With no treatment or cure for ALS, the priority is to manage and keep ahead of the symptoms.

That’s the one common thread holding all of their stories and challenges together — you never know what’s going to happen next, but you have to prepare for it anyway.

“I’m afraid that I won’t catch things on time,” Fran said.

Four members of the group have died since the Finneys joined last year.

She said she used to think she was a fearmonger, but that she embraces her ability to spot changes in Hal’s condition. Recently, Hal started a clinical trial that administers ceftriaxone, an antibiotic, to see whether it can slow the progression of ALS.

Group members are all dealing with ever-changing conditions, but they make efforts to go about and do activities they enjoy, from grocery shopping to taking a cruise.

“We don’t just sit around and cry,” Hal said.

As talking becomes more difficult, many people with ALS resort to using online communication, such as forums, e-mailing and Facebook.

Hank Wiley wears a touch-screen voice simulator around his neck to communicate, and has programmed an autobiographical explanation of his condition to play to unaware strangers, as well as a few more amusing responses, such as “get a life.”
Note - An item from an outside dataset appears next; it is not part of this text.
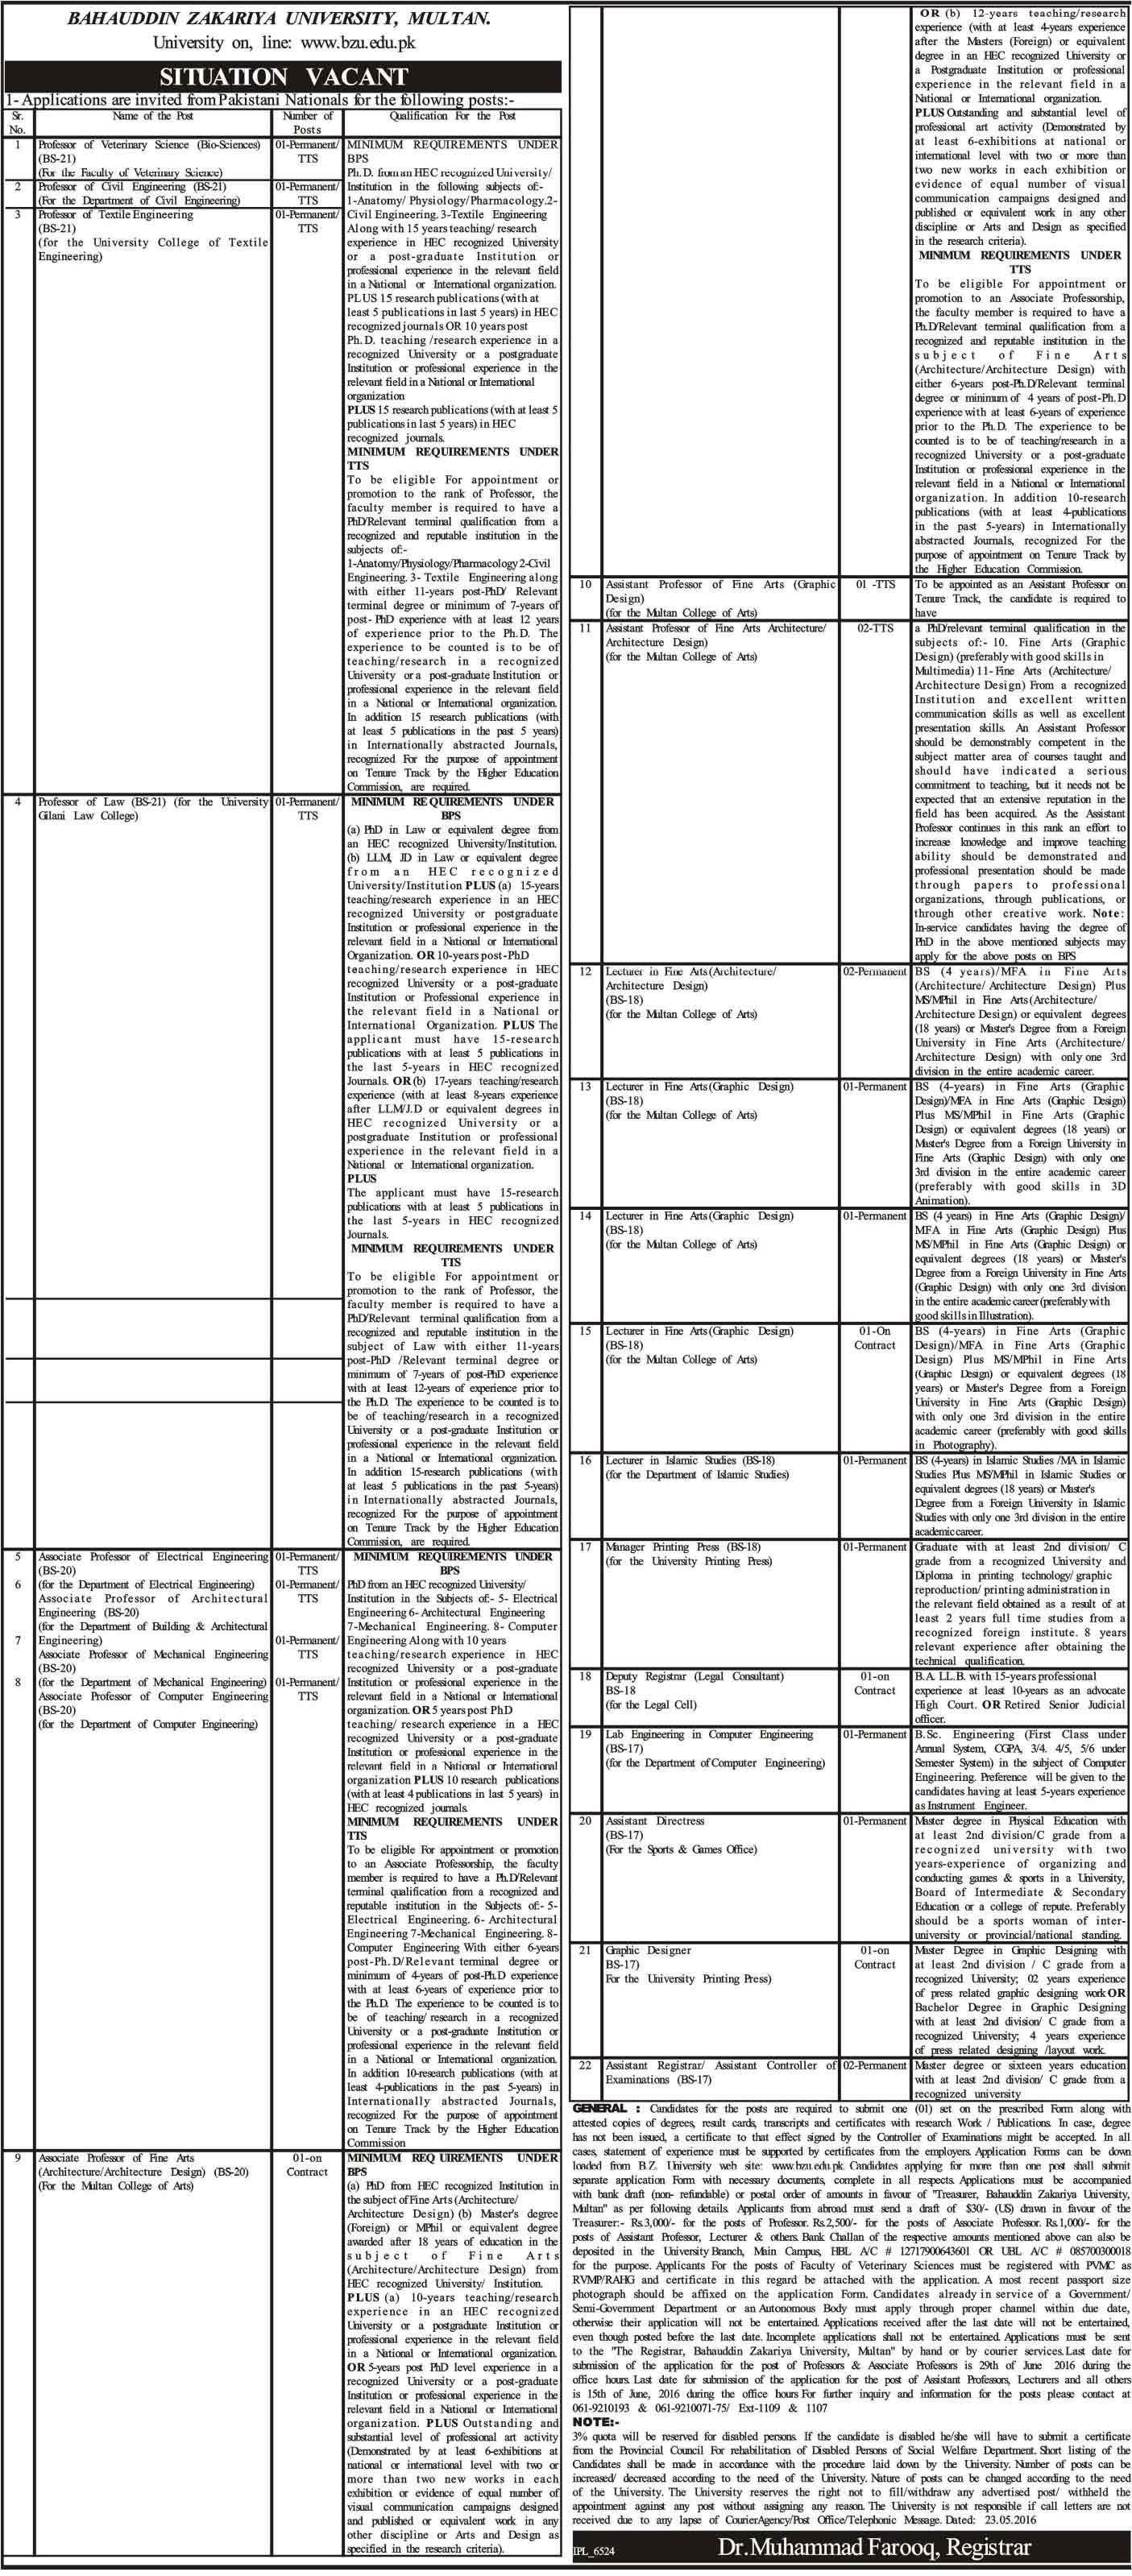 Bahuddin Zakariya University Multan Jobs 2016

Hal uses his ever-present iPad for a similar function when he needs to say something quickly or loudly, like, “Fran, don’t drive so fast.”

MDA’s “loan closet program” rents out valuable equipment such as scooters and voice simulators for as long as people need them. It can be difficult to buy expensive equipment out of pocket or to get insurance to pay for them in a timely fashion.

Hal’s insurance won’t OK a motorized wheelchair, for example, as long as he can take at least a single step, and Wiley’s voice simulator is a loaner as well.

The free services provided by MDA are possible because of vigorous fundraising efforts, and it is the sponsored nonprofit for this year’s Santa Barbara International Marathon, set for Nov. 6. Its marathon fundraiser garnered thousands of dollars for ALS research last year, and a group of PALS and supporters walked the last two miles of the race together.

The course runs from Dos Pueblos High School to SBCC’s La Playa Stadium, and the Finneys plan to once again cross the finish line, though Hal will be in his wheelchair this year.